Structural equation models describe causal structures by giving equations that define the relationships between variables. In a causal interpretation of these models, we could say that the left hand side of the equation is causally dependent on the right hand side. For example, if I’m describing a linear relationship between variables \(X\) and \(Y\), then the equation

\[ X = 2Y + \epsilon_X \] where \(\epsilon_X\) is some noise term, has a different semantic interpretation than the equation

\[Y = \frac{1}{2} X + \epsilon_Y\]

even though in principle they can both describe the same probability distribution. Using structural equation models makes sense when you’re an economist who already knows what the causal structure of the problem is and what the variables are, and just want to understand how changing one variable affects another by plugging in your equations.

Potential Outcomes

“Theoretical infatuation”

“nonscientific ad hockery”

“bad practical advice” -Rubin, 2009

Some statisticnas take moral offense to the causal modeling approaches described above. SEMs assume that the modeler knows the causal relationships between variables in advance, and there’s some debate over whether the parameters learned by SEMs can really be interpreted as ‘causal’ given that they depend on the modeler’s assumptions about the system. They propose instead the Potential Outcomes framework. Instead of interpreting causality as arrows \(X \rightarrow Y\), PO treats causal effects as changes to a set of counterfactual distribution on \(Y\), \(Y_x\), indexed by possible values of \(X=x\). If \(Y\) is independent of \(X\), then the law of \(Y_x\) is the law of \(Y\). Judea Pearl claims that PO and SEMs are logically equivalent – any statement made in the language of potential outcomes can be reformulated into a structural equation model and vice versa – but I haven’t read the paper that verifies this.

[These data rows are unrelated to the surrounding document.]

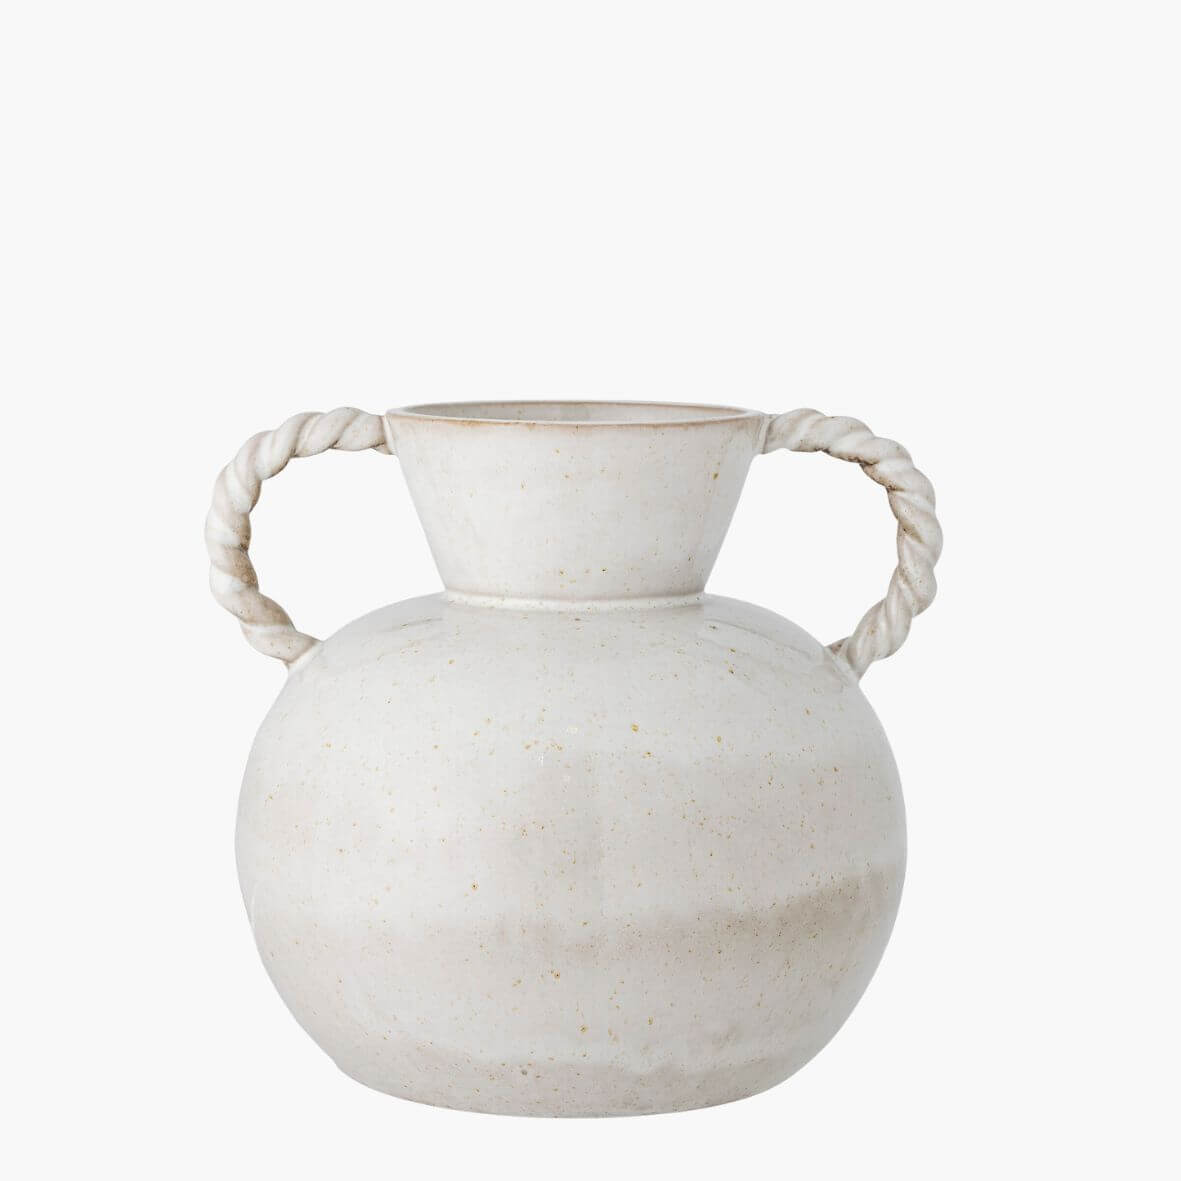 White stoneware vase with handles on white background
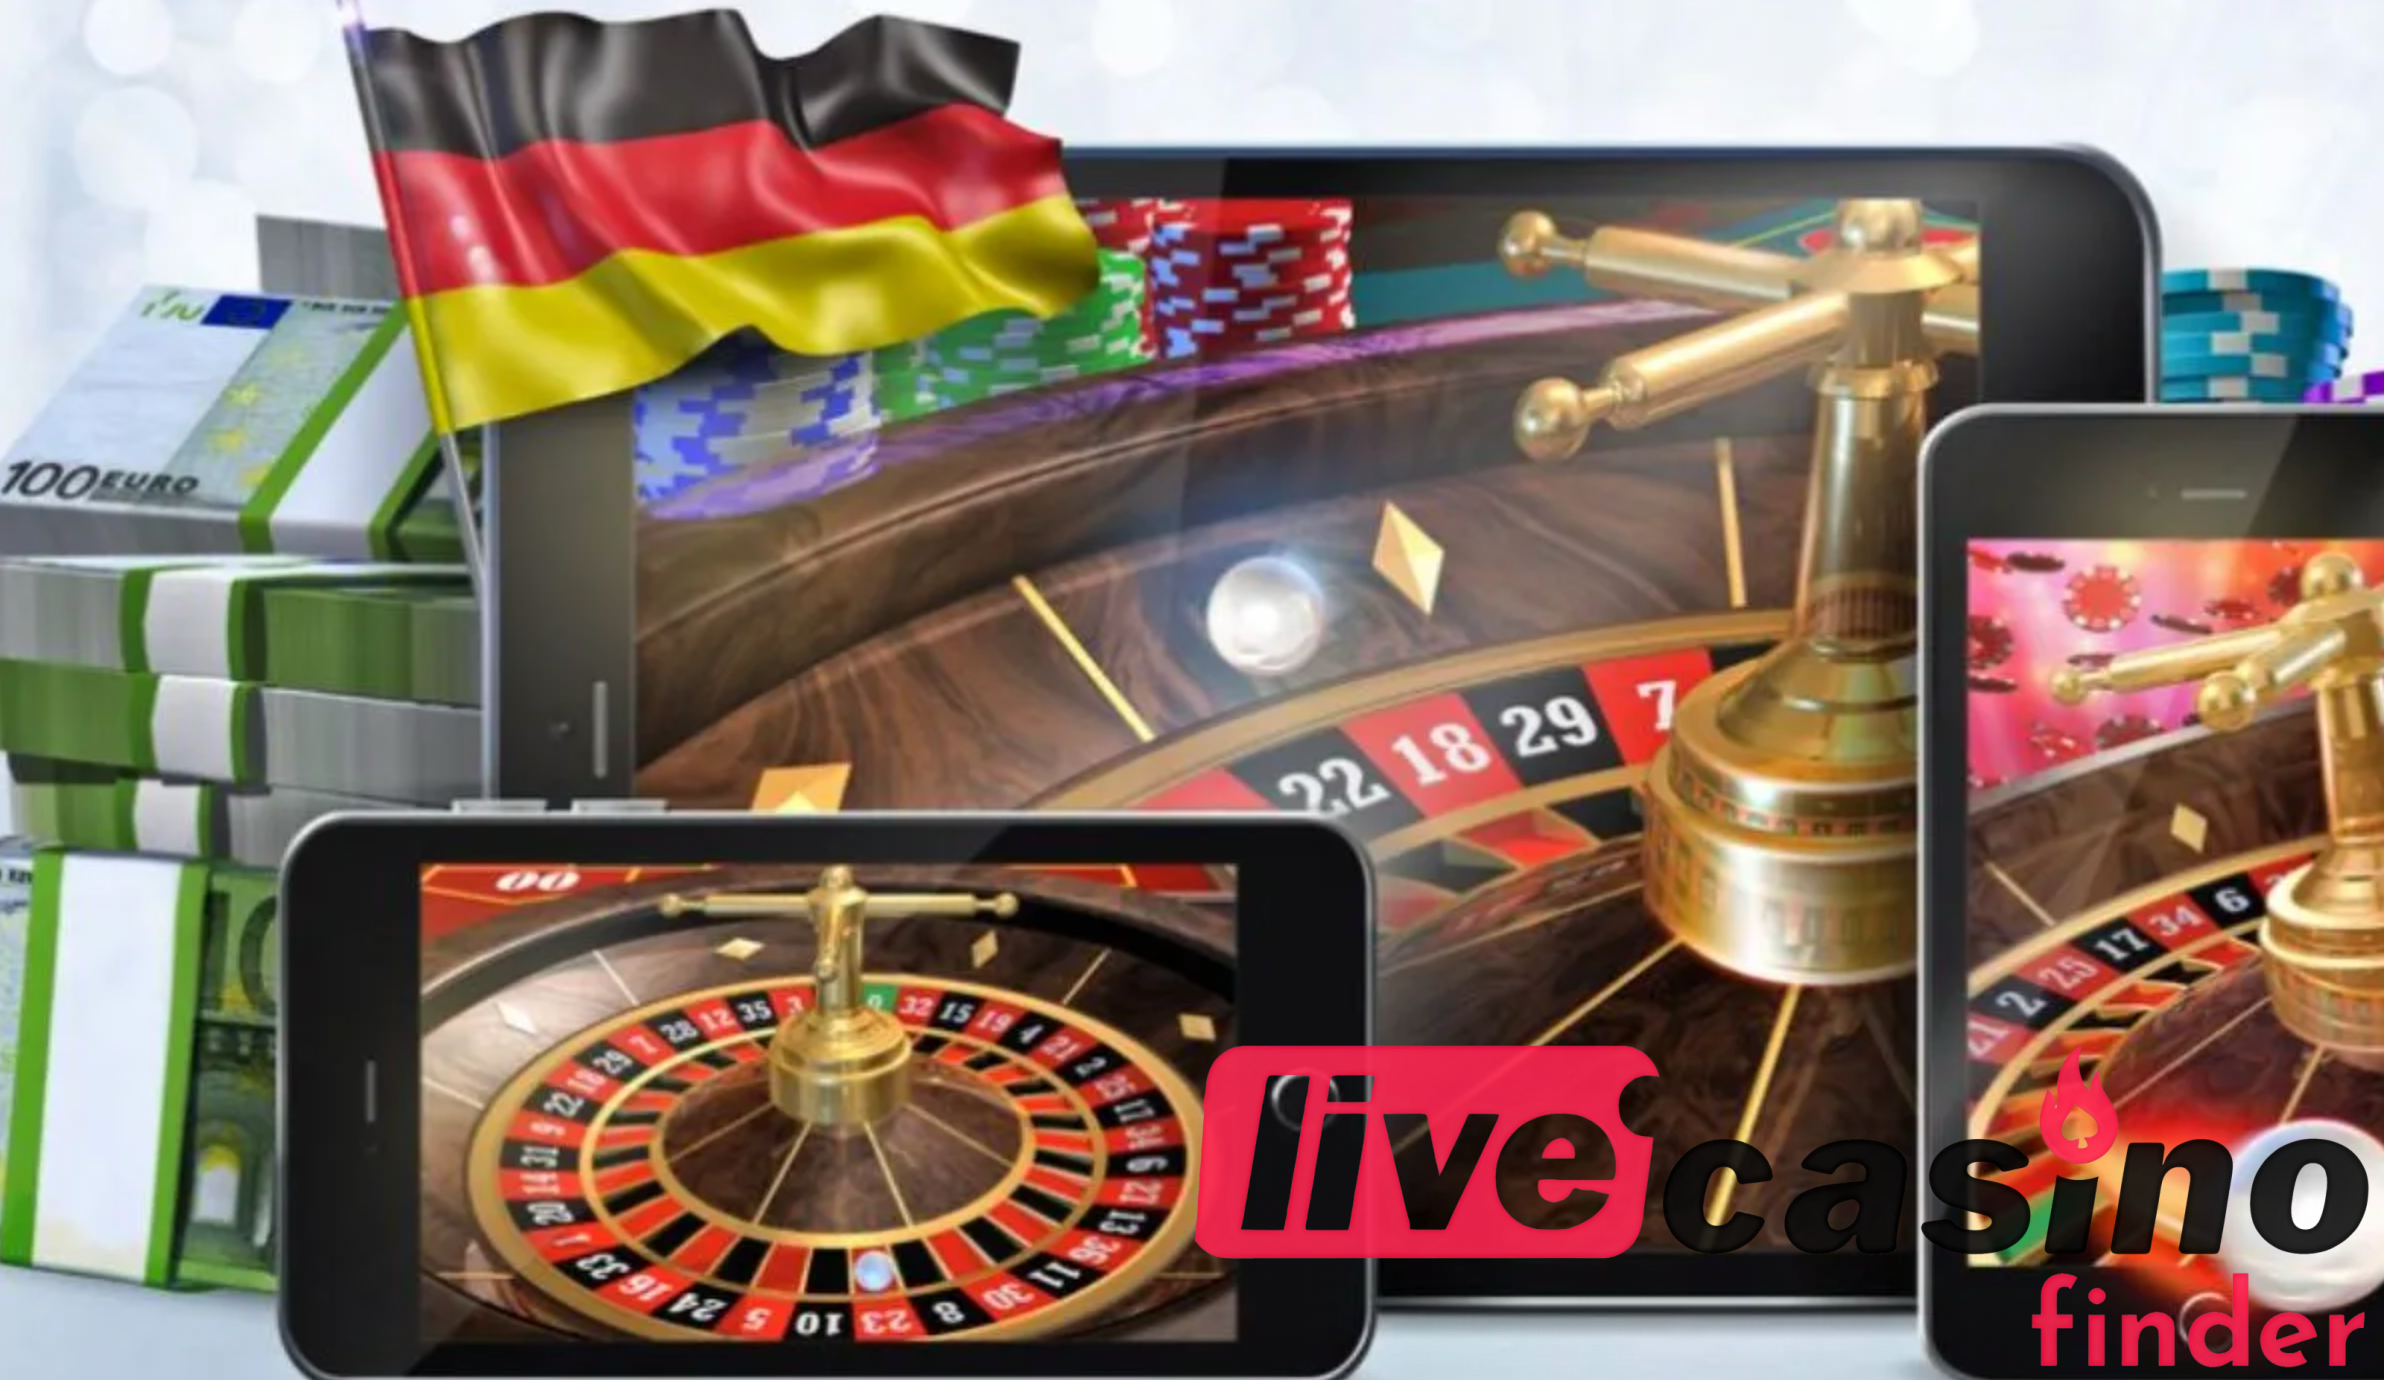 Bedste Tyskland live kasinoer.
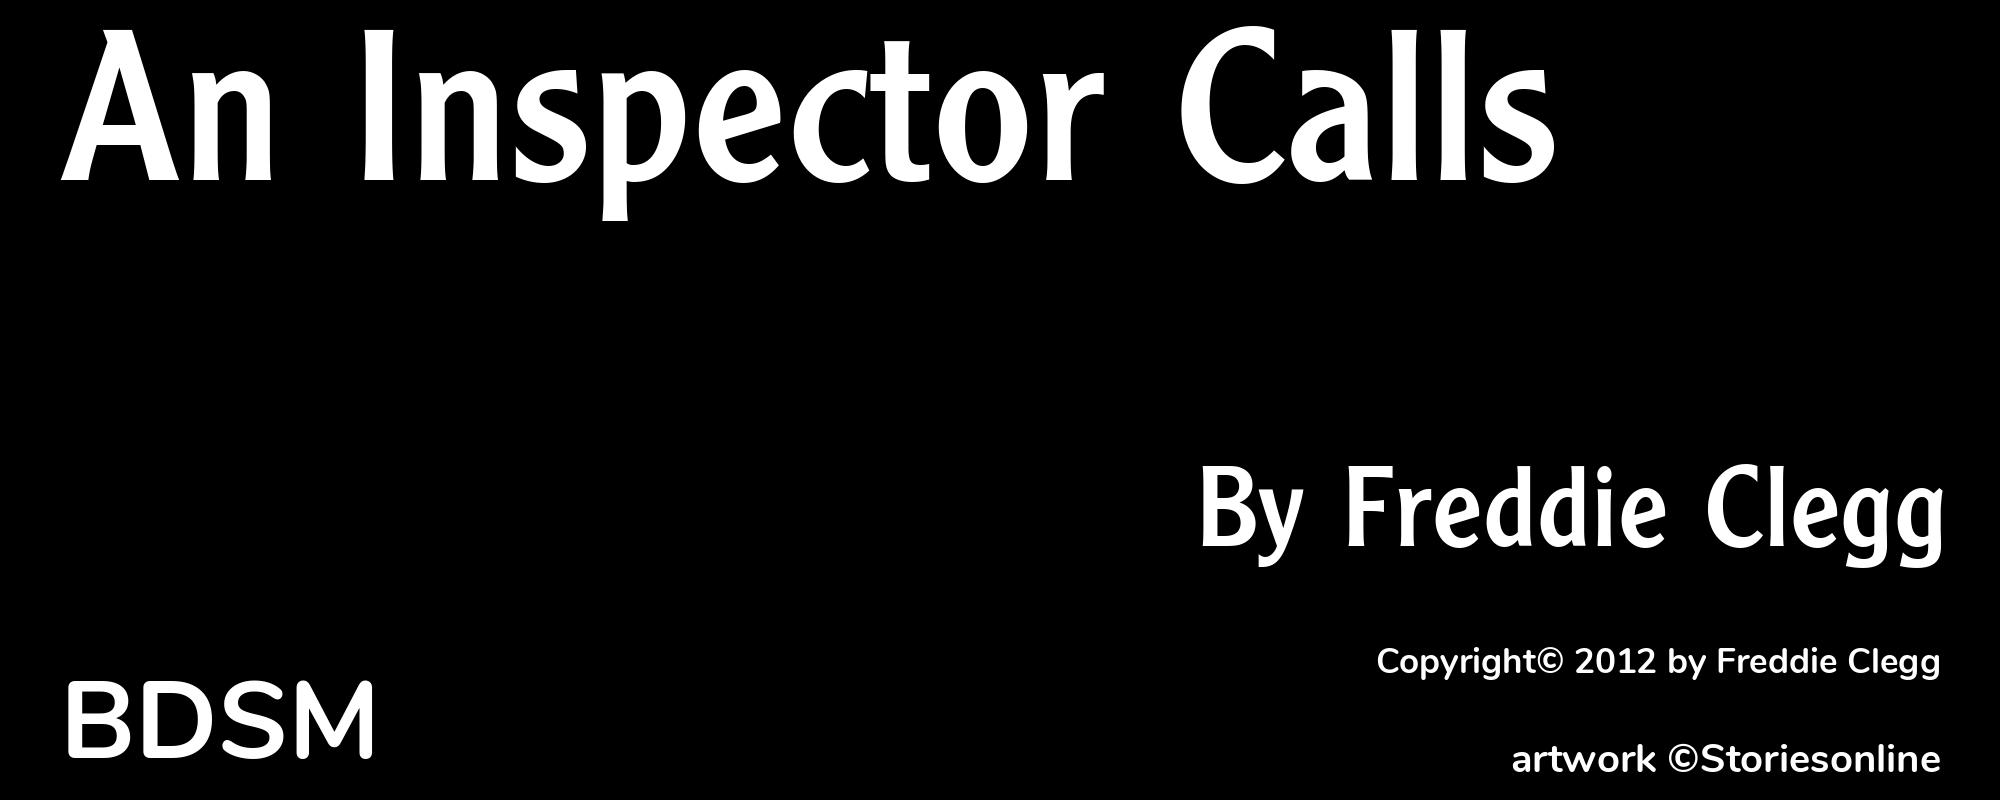 An Inspector Calls - Cover

Invariant Causal Predictors

An approach to capturing notions of causality from data is to take the assumption that causal mechanisms are invariant, and leverage it in the regression setting to determine causal variables. This idea is explained in great detail in a tutorial by Peter Buhlmann and also in a recent paper by Martin Arjovsky.

The invariance-as-causality camp tackles the problem of finding causal relationships between inputs \(X\) and a particular quantity of interest \(Y\). We assume that \(Y\) is some function of \(X\), and we further assume that we’ve been able to collect data in many different settings, called environments \(\mathcal{E}\), so that we can partition \(X\) into \(\cup_{e \in \mathcal{E}} X^e\). It is implicitly assumed that some manipulation has occurred in each of these environments, so that \(P(Y|X^e) \neq P(Y|X^{e'})\). However, the claim is that any function \(f\) of \(X\) satisfying \(P(Y|f(X^e)) = P(Y|f(X^{e'}))\) is capturing some causal property of the relationship between \(X\) and \(Y\).

This approach has some drawbacks in its reliance on having an informative set of environments and also not being able to provide any guarantees that the invariant predictors across \(\mathcal{E}\) are actually causal predictors unless the environments satisfy certain assumptions. However it’s an interesting take on causality that lends itself well to the machine learning setting.

Conclusions

As we’ve seen, causality is a messy concept and there are many ways to go about mathematizing it. If you want to learn more there are two fairly decisive textbooks on the topic: Causality by Judea Pearl, and Elements of Causal Inference by Jonas Peters, Dominik Janzing, and Bernhard Schölkop. I found Elements of Causal Inference to be a more engaging pedagogical introduction because it has more exercises to try out, but I recommend giving both a look because they take very different perspectives on causality. I might write some more blog posts going into more technical detail on causal inference later, but given my blogging frequency the curious reader should probably give the other resources a read first.